In 2020, "this number has risen to 70. While all these state actors pose serious threats in the Infocalypse, for now there are orders of magnitude between the sophistication of the Kremlin's efforts and those of the others. In one study from 2019, researchers from Princeton found that Russia was responsible for 72 per cent of all foreign disinformation operations between 2013 and 2019. This makes it almost three times as aggressive as all the others".

"If Russia is a maestro playing a Tchaikovsky sonata from memory on a grand piano, then the others are playing 'Twinkle, Twinkle, Little Star' on a child's keyboard," Schick writes.

But then, all is not lost, as the tiny Baltic nation of Estonia, with a population of 1.3 million, proved.
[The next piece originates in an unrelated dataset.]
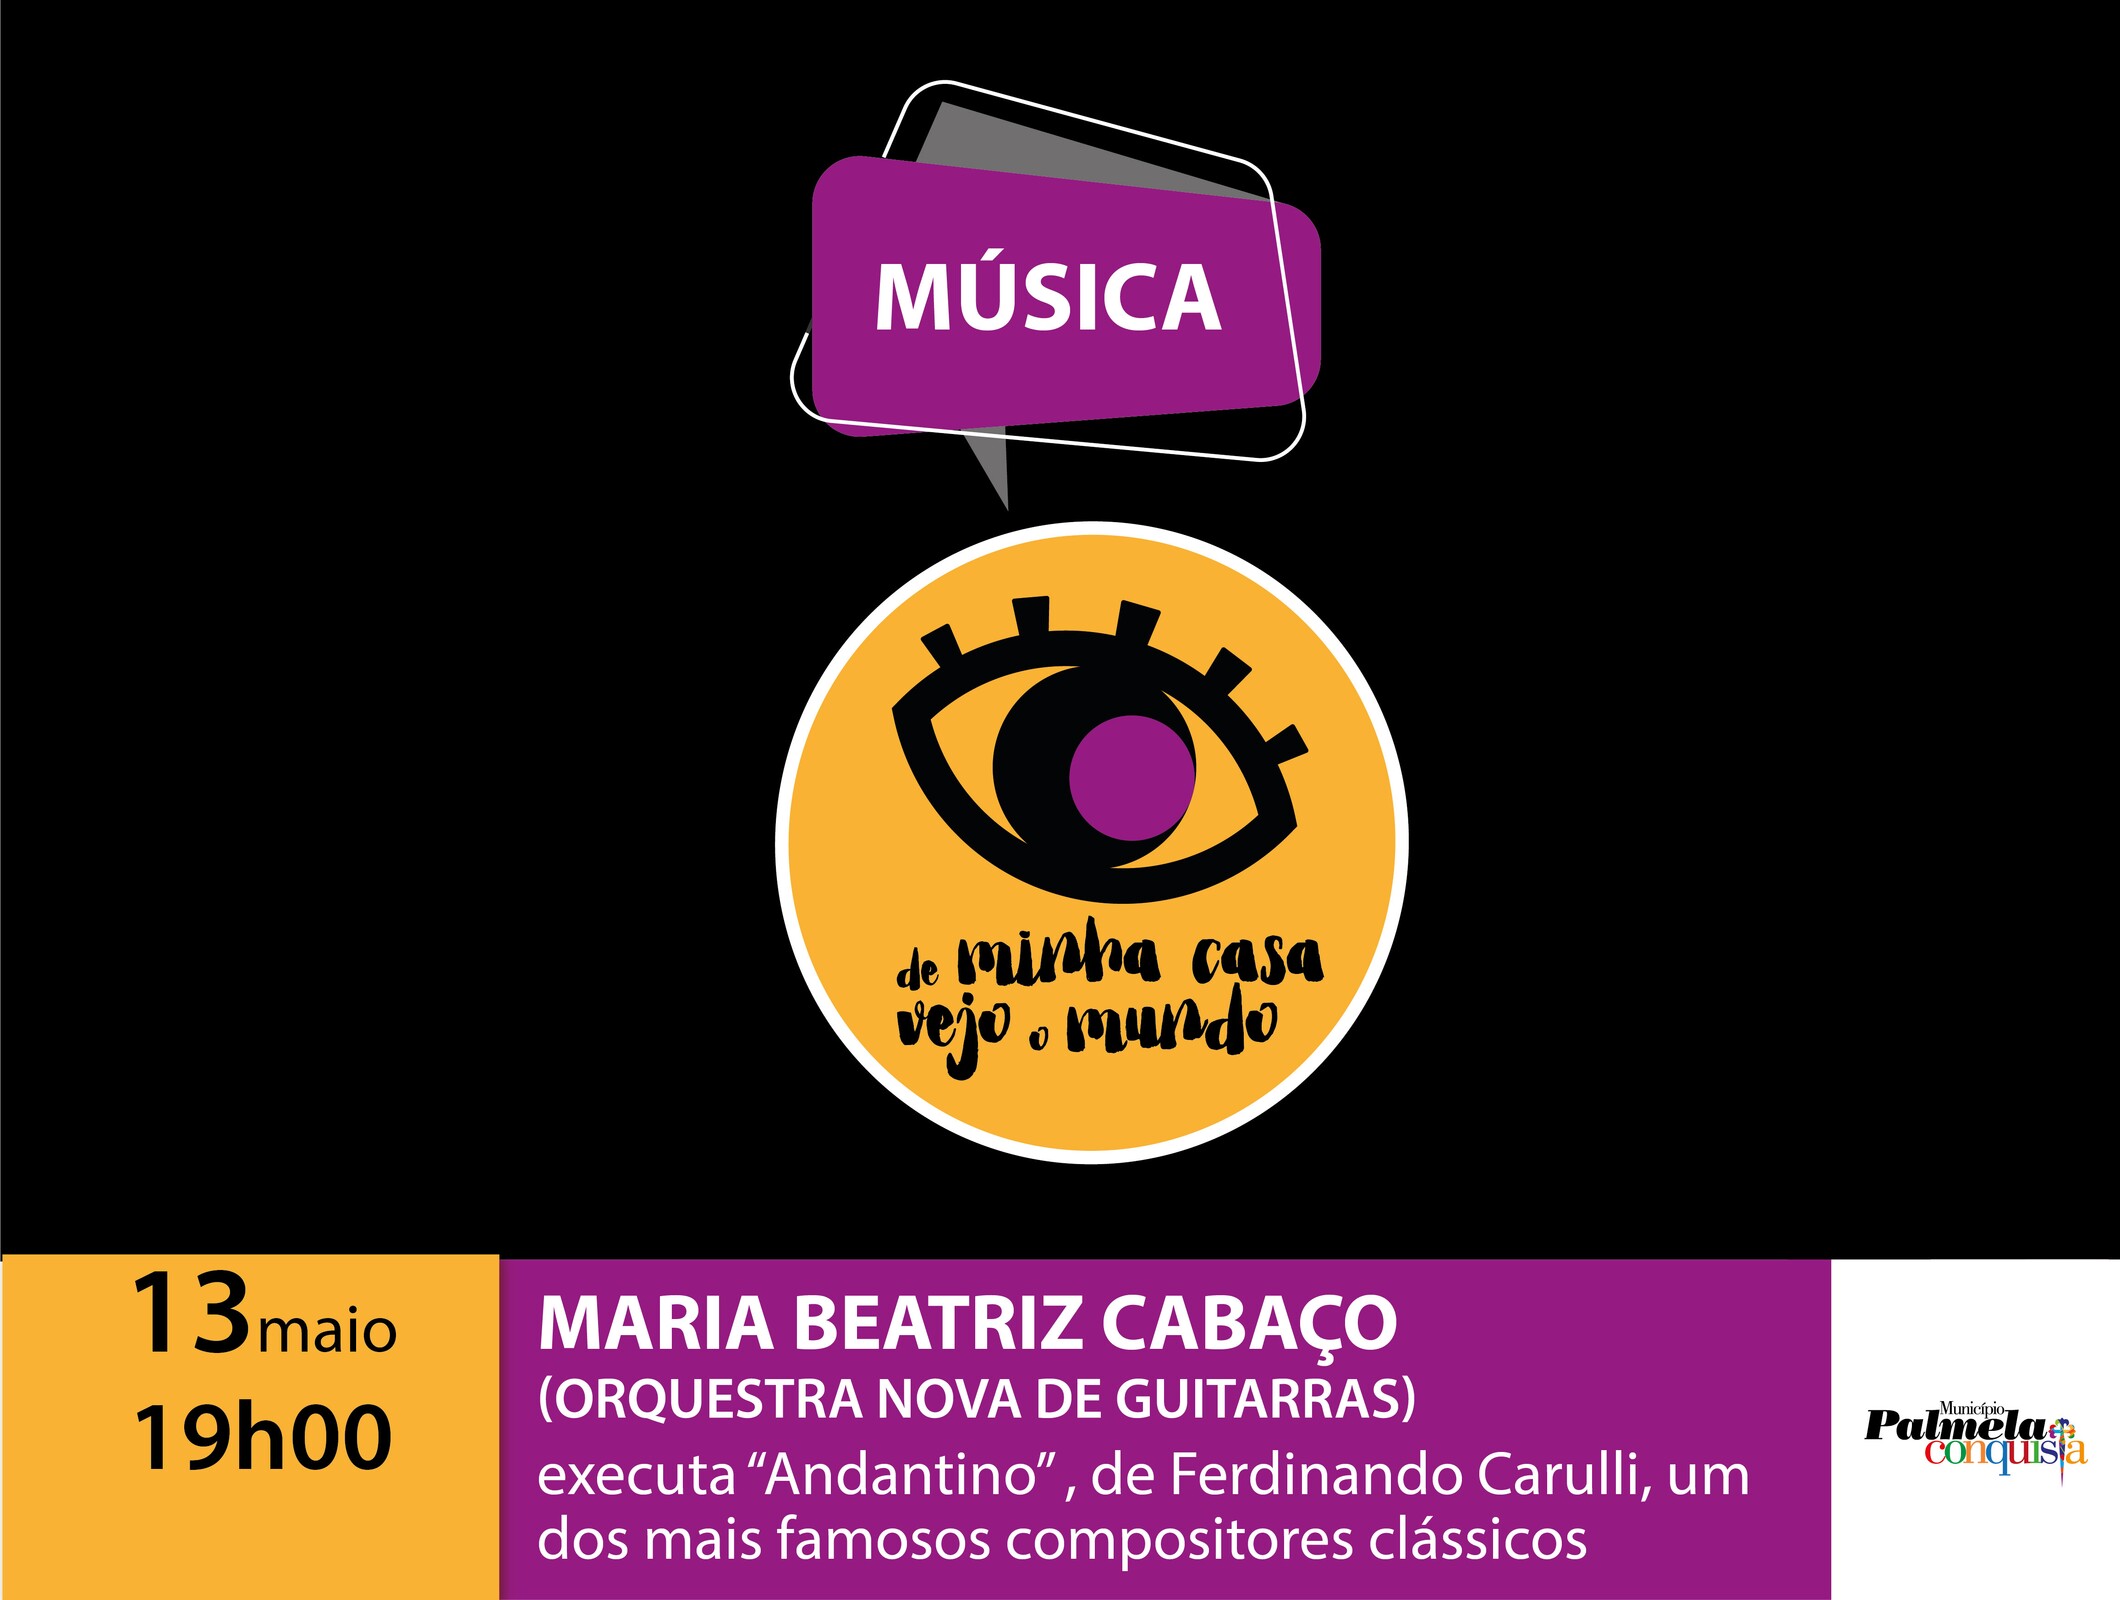 “De minha casa vejo o mundo”: aprecie o som da guitarra de Maria Beatriz Cabaço!

It had gained its independence from Russia in 1991 but faced three weeks of vicious cyber attacks against its government, media and banking infrastructure following its decision in 2007 to relocate the Bronze Soldiers of Talinn, a memorial to the occupying Soviet soldiers killed in the Second World War.

"Instead of crumbling, Talinn used the lesson to reinforce its defences and fight back. It did this by taking a society-wide approach that engaged all its citizens" to become one of the most digital nations in the world: 99 per cent of public services are online, nearly one-third of its citizens vote online and it has not suffered a further Russian breach of its defences", Schick writes.

"The forces to fight the Infocalypse are already coming together and growing in strength. They are helping us understand the threat, and they have also started building the solutions and alliances to help safeguard us all. But they need our support. We can help by sharing this understanding, preparing our defences and fighting back. Time is of the essence...

"Be careful about what information you share. Verify your sources. Correct yourself when you get something wrong. Be wary of your own political biases. Be sceptical but not cynical...It's time for all allies to unite. As the Estonians did to the Russians, we still have the chance to say 'no' to the Infocalypse," Schick concludes.